Patterns of Intragenomic Heterogeneity of Multicopy 16S rRNA Genes
The pairwise similarity of multicopy 16S rRNA genes for each selected single genome was calculated and displayed in supplementary figure S2, Supplementary Material online. The pattern of distances among multicopy 16S rRNA genes within single genomes could be categorized into four patterns based on the grouping patterns of the multicopy genes (four typical patterns were selected and shown in fig. 2).
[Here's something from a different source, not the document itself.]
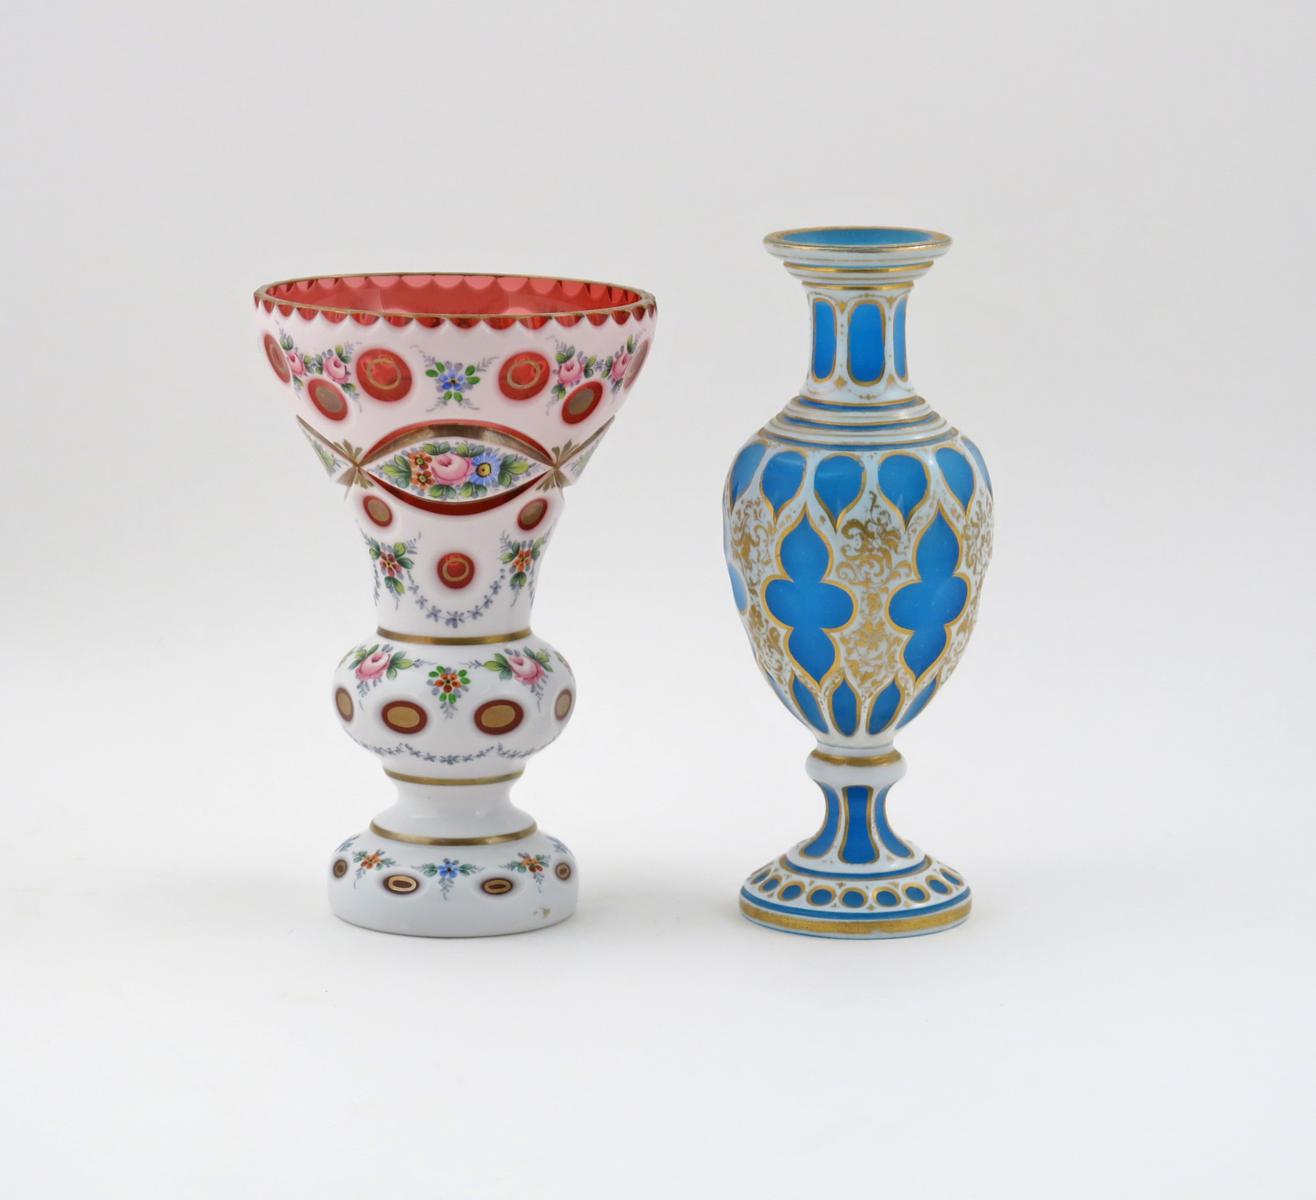 Two Bohemian glass vases, 19th century, one cranberry and overlaid in white, cut with a circular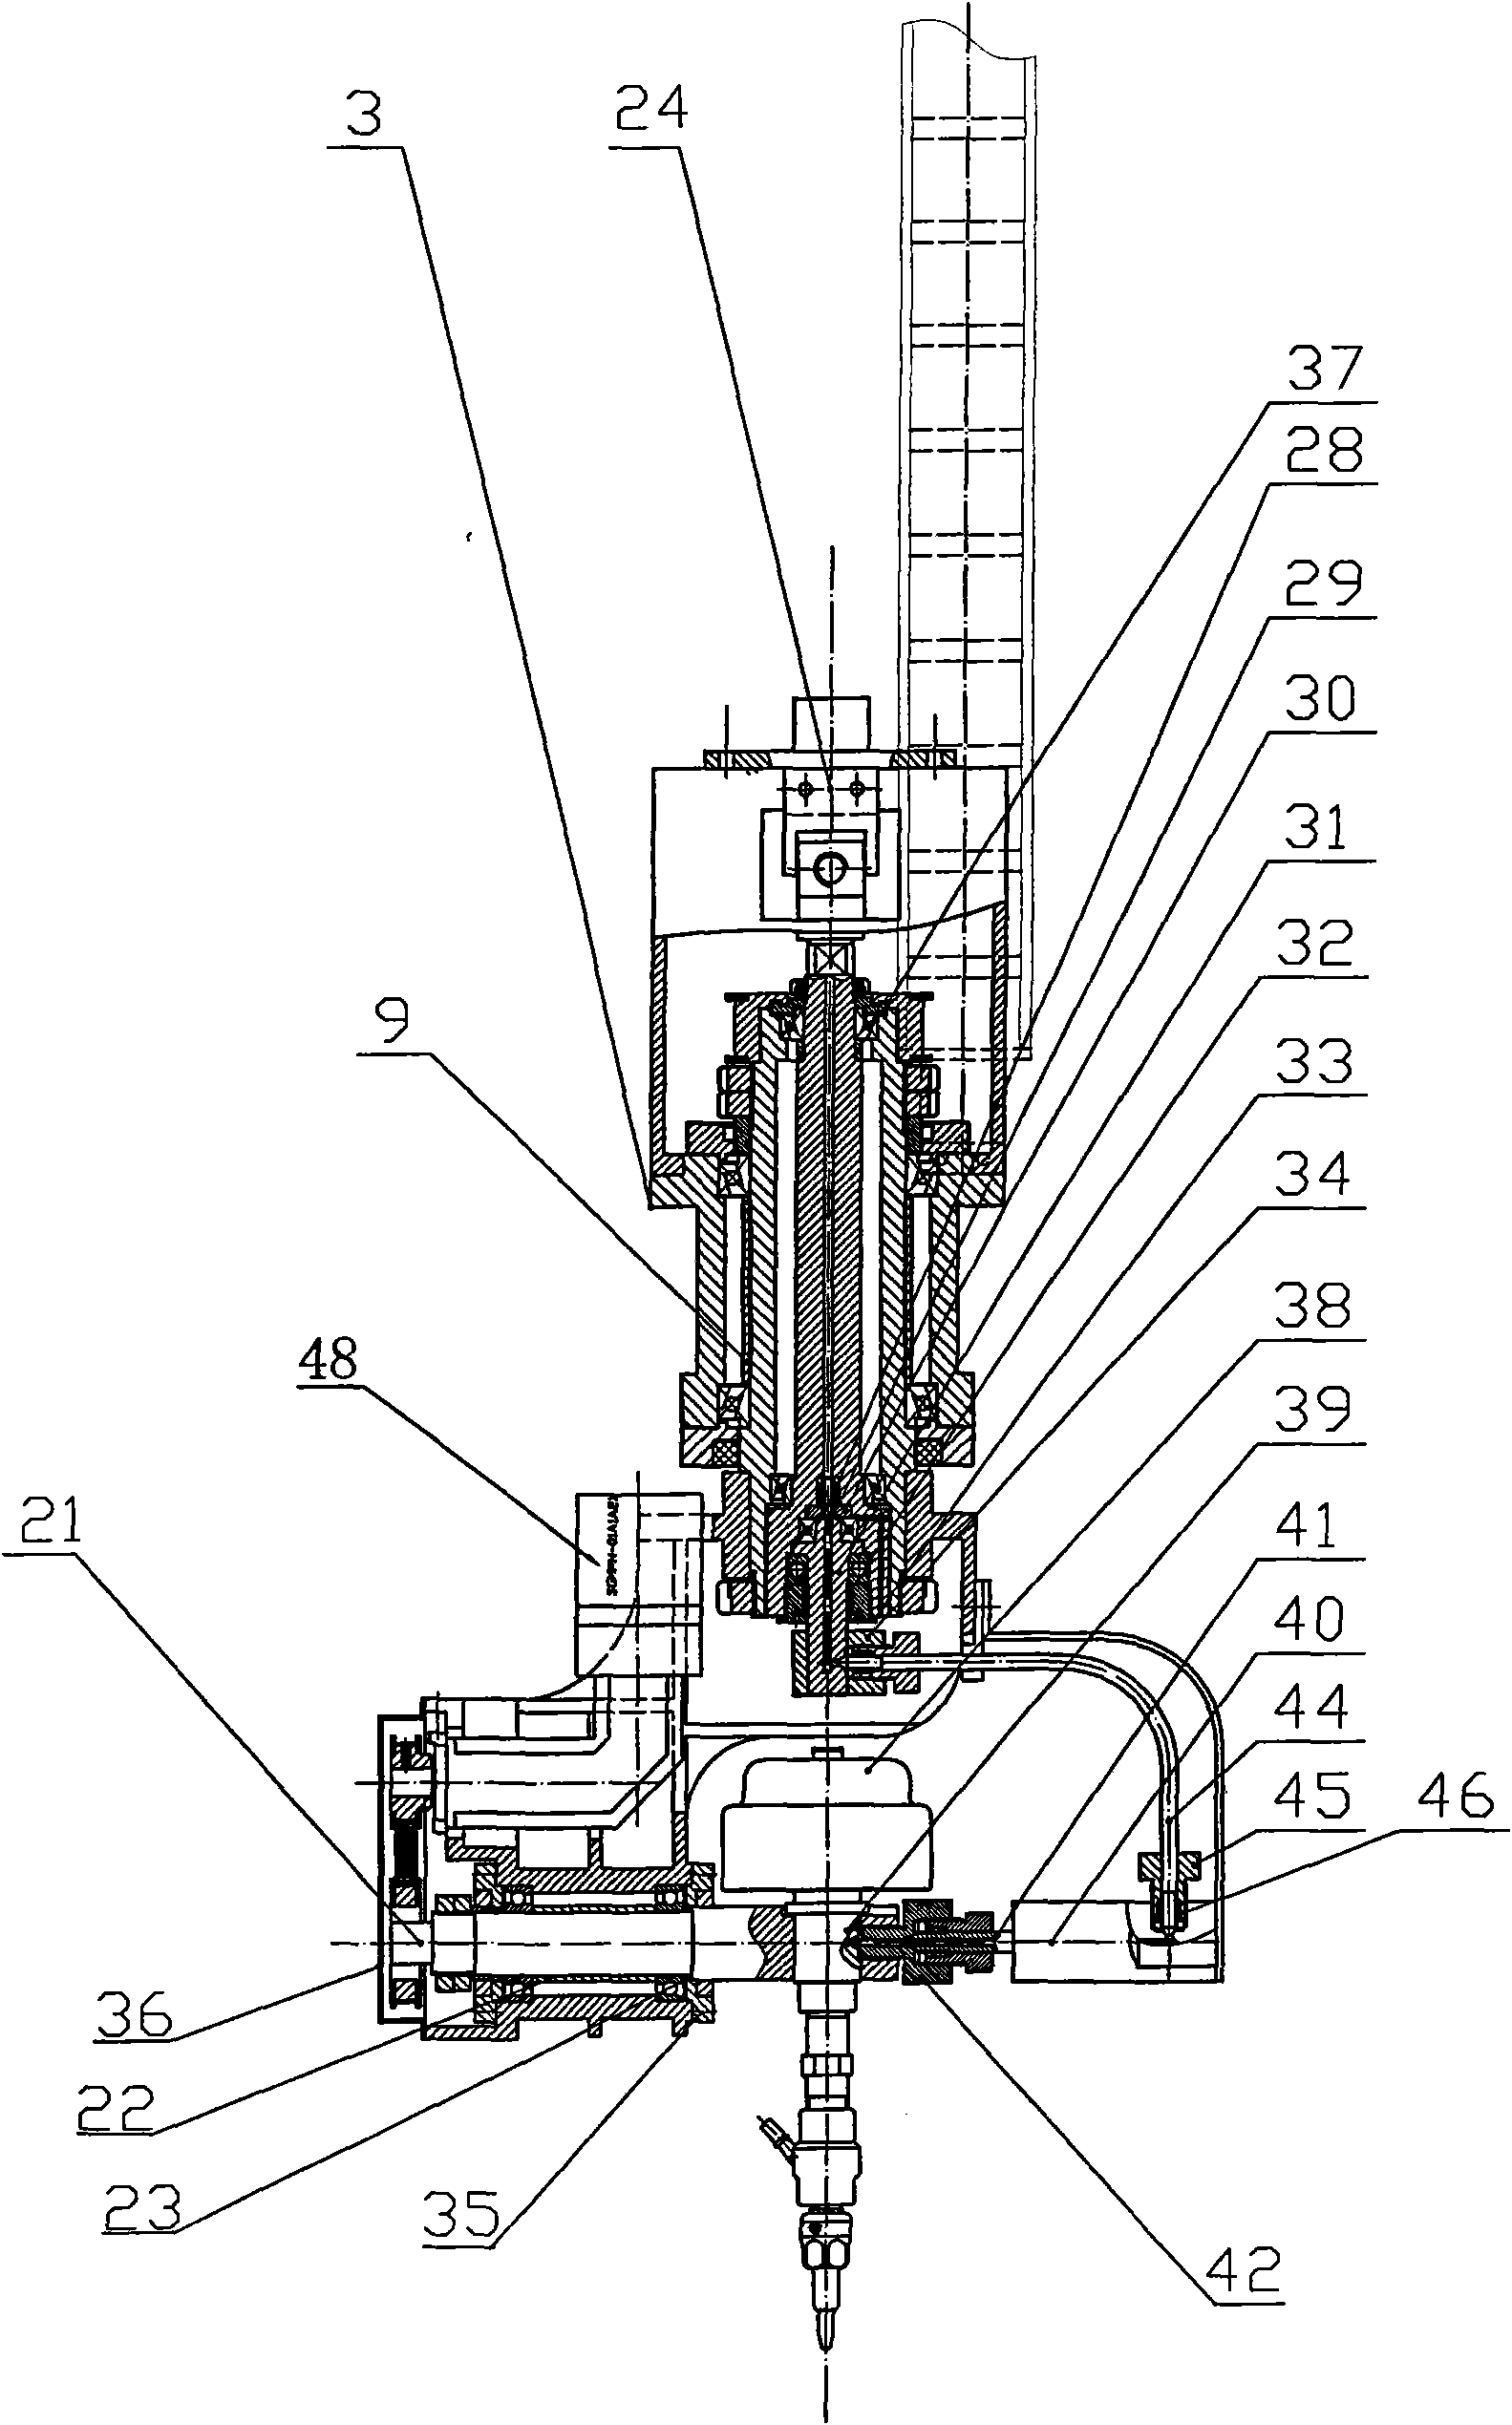 Five-axis controlled motion control mechanism of water cutting head with functions of rotation and swing

The four patterns have different number of gene copies, and differed in terms of gene copy similarities. As shown in figure 2 and supplementary figure S2, Supplementary Material online, pattern I contained two copies of the 16S rRNA gene and demonstrated an identity less than 98% with the representative genome of Chlamydia trachomatis RC Js 122 (NC_021891, 2.94% dissimilarity between the two copies). Pattern II contained two groups of 16S rRNA genes, of which one might have been duplicated into several copies (identity > 99%); the identity of the two groups was less than 98%. The representative genome was obtained from Thermoanaerobacter pseudethanolicus ATCC33223 (NC_010321), and it contained three highly similar 16S rRNA gene copies with a lowest intragenomic identity of 99.6% and a heterogeneous copy with an identity less than 94.8% compared with the other three copies. Pattern III included three separate groups, among which one or two groups might have contained duplicated copies. The lowest identity between the pairwise groups was less than 98%. The representative genome of Vibrio anguillarum 775 (NC_015633) had a lowest pairwise identity of 2.1%. Pattern IV contained more than three separate groups, and some of the groups might have contained duplicated copies (identity > 99%). The representative genome E. coli CFT073 (NC_004431) contained four separated groups with a lowest pairwise identity of 97.6%.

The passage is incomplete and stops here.